Bus 1418 represents one or more of any of several types of bus structures, including a memory bus or memory controller, a peripheral bus, an accelerated graphics port, and a processor or local bus using any of a variety of bus architectures. By way of example, and not limitation, such architectures include Industry Standard Architecture (ISA) bus, Micro Channel Architecture (MCA) bus, Enhanced ISA (EISA) bus, Video Electronics Standards Association (VESA) local bus, and Peripheral Component Interconnect (PCI) bus.

Computer system/server 1412 typically includes a variety of computer system readable media. Such media may be any available media that is accessible by computer system/server 1412, and it includes both volatile and non-volatile media, removable and non-removable media.

System memory 1428 can include computer system readable media in the form of volatile memory, such as random access memory (RAM) 1430 and/or cache memory 1432. Computer system/server 1412 may further include other removable/non-removable, volatile/non-volatile computer system storage media. By way of example only, storage system 1434 can be provided for reading from and writing to a non-removable, non-volatile magnetic media (not shown and typically called a “hard drive”). Although not shown, a magnetic disk drive for reading from and writing to a removable, non-volatile magnetic disk (e.g., a “floppy disk”), and an optical disk drive for reading from or writing to a removable, non-volatile optical disk such as a CD-ROM, DVD-ROM or other optical media can be provided. In such instances, each can be connected to bus 1418 by one or more data media interfaces. As will be further depicted and described below, memory 1428 may include at least one program product having a set (e.g., at least one) of program modules that are configured to carry out the functions of embodiments of the invention.

Program/utility 1440, having a set (at least one) of program modules 1442, may be stored in memory 1428 by way of example, and not limitation, as well as an operating system, one or more application programs, other program modules, and program data.

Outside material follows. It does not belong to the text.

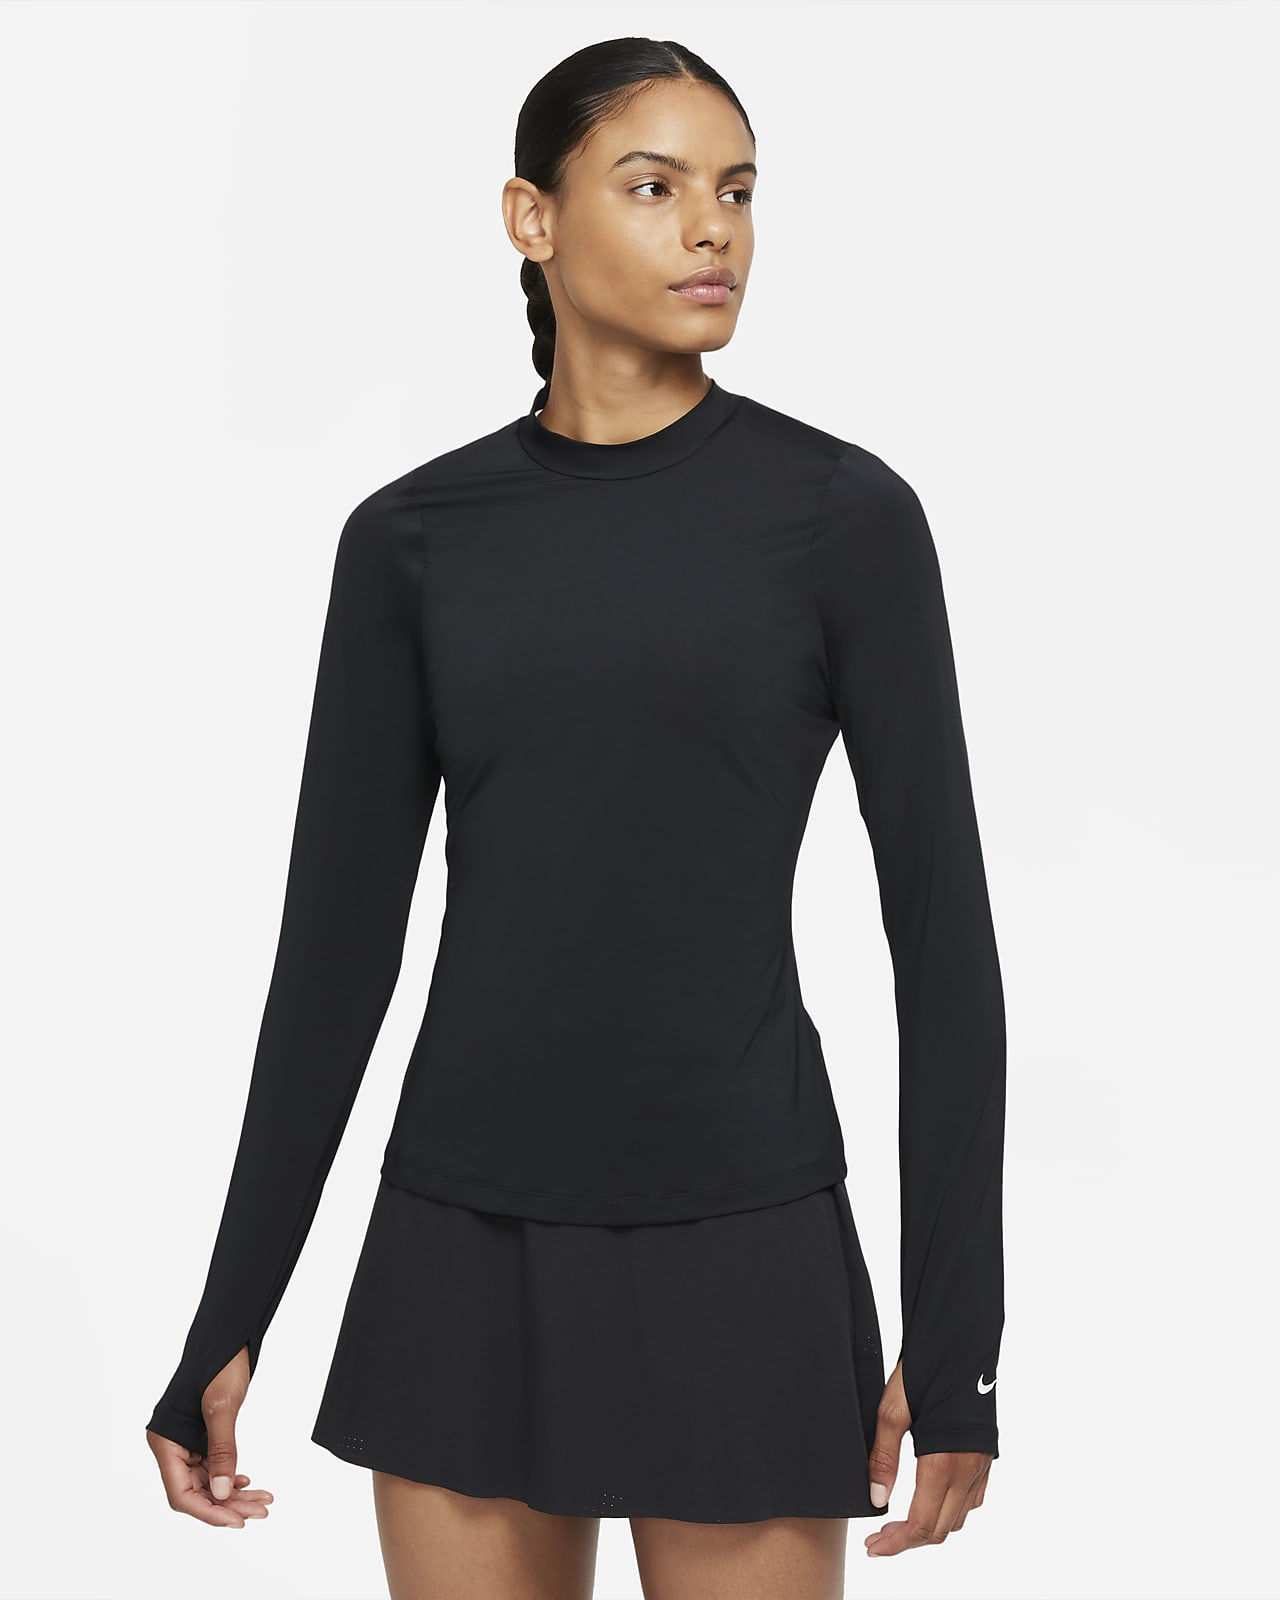 Dámské golfové tričko Nike Dri-FIT UV Victory s dlouhým rukávem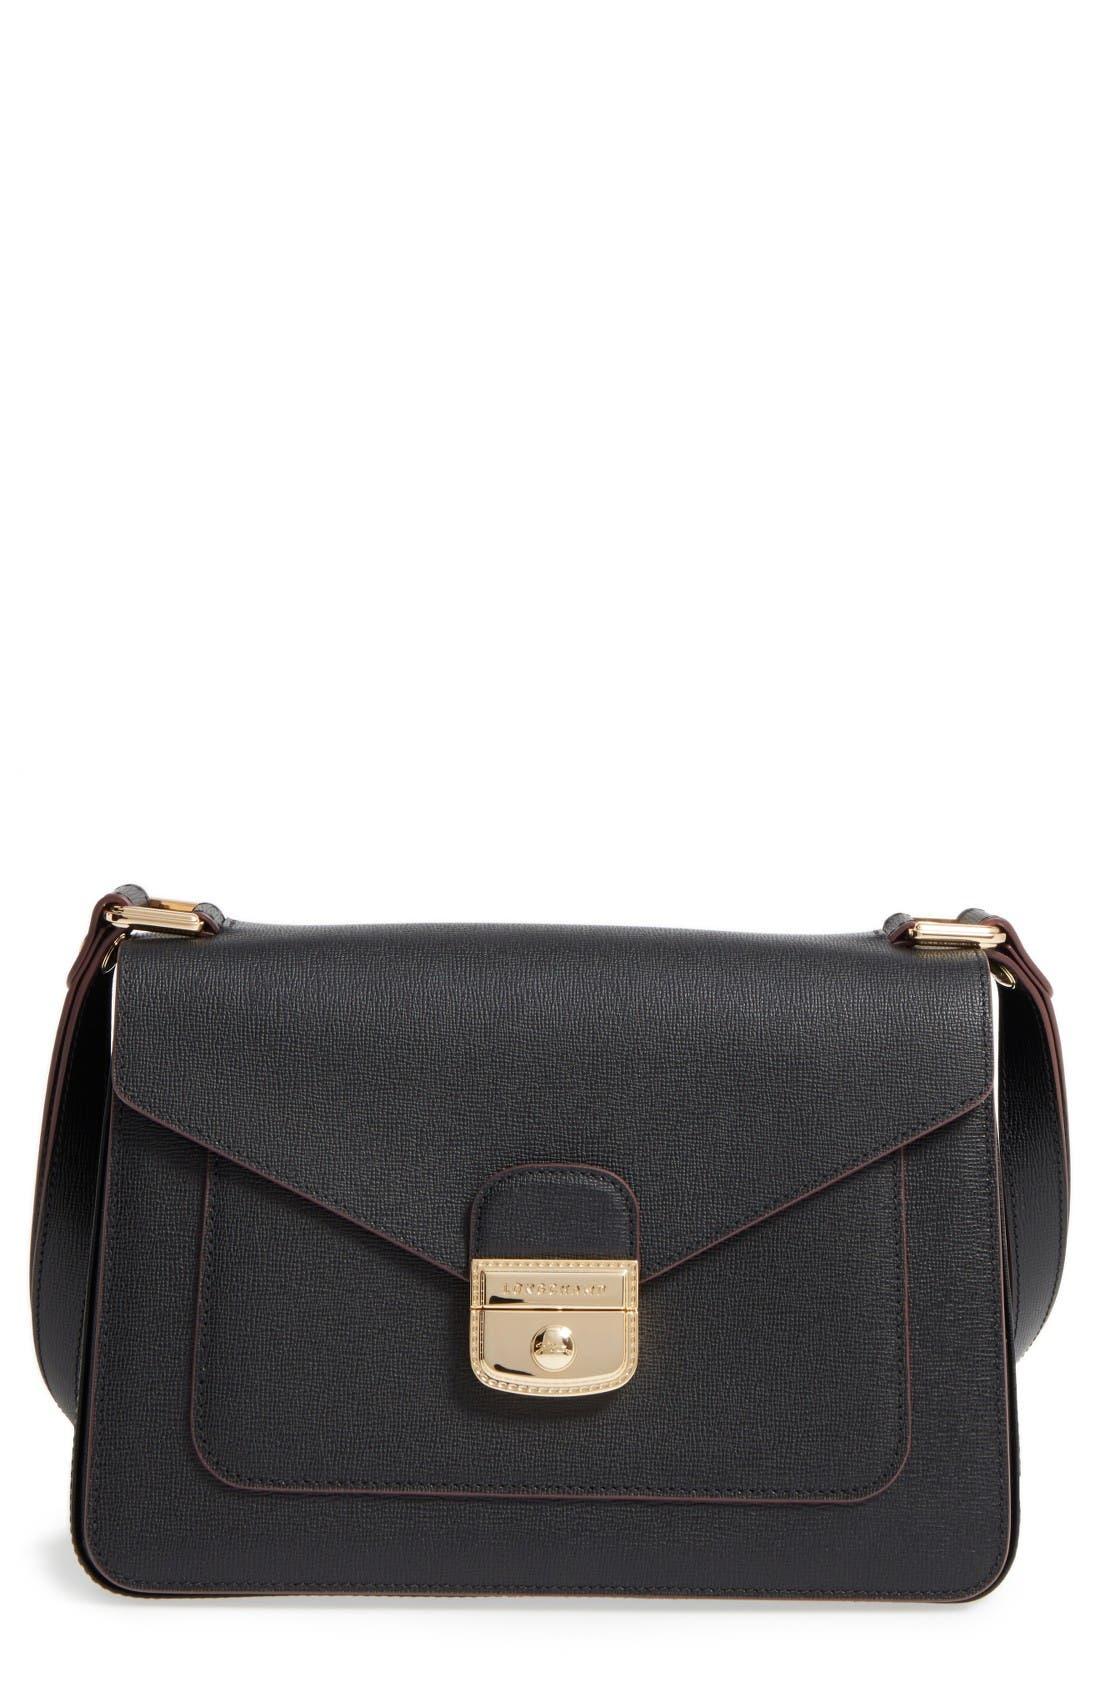 Longchamp Pliage Heritage Leather Shoulder Bag

Each of the operating system, one or more application programs, other program modules, and program data or some combination thereof, may include an implementation of a networking environment. Program modules 1442 generally carry out the functions and/or methodologies of embodiments of the invention as described herein.

Computer system/server 1412 may also communicate with one or more external devices 1414 such as a keyboard, a pointing device, a display 1424, etc.; one or more devices that enable a user to interact with computer system/server 1412; and/or any devices (e.g., network card, modem, etc.) that enable computer system/server 1412 to communicate with one or more other computing devices. Such communication can occur via Input/Output (I/O) interfaces 1422. Still yet, computer system/server 1412 can communicate with one or more networks such as a local area network (LAN), a general wide area network (WAN), and/or a public network (e.g., the Internet) via network adapter 1420. As depicted, network adapter 1420 communicates with the other components of computer system/server 1412 via bus 1418. It should be understood that although not shown, other hardware and/or software components could be used in conjunction with computer system/server 1412. Examples, include, but are not limited to: microcode, device drivers, redundant processing units, external disk drive arrays, RAID systems, tape drives, and data archival storage systems, etc.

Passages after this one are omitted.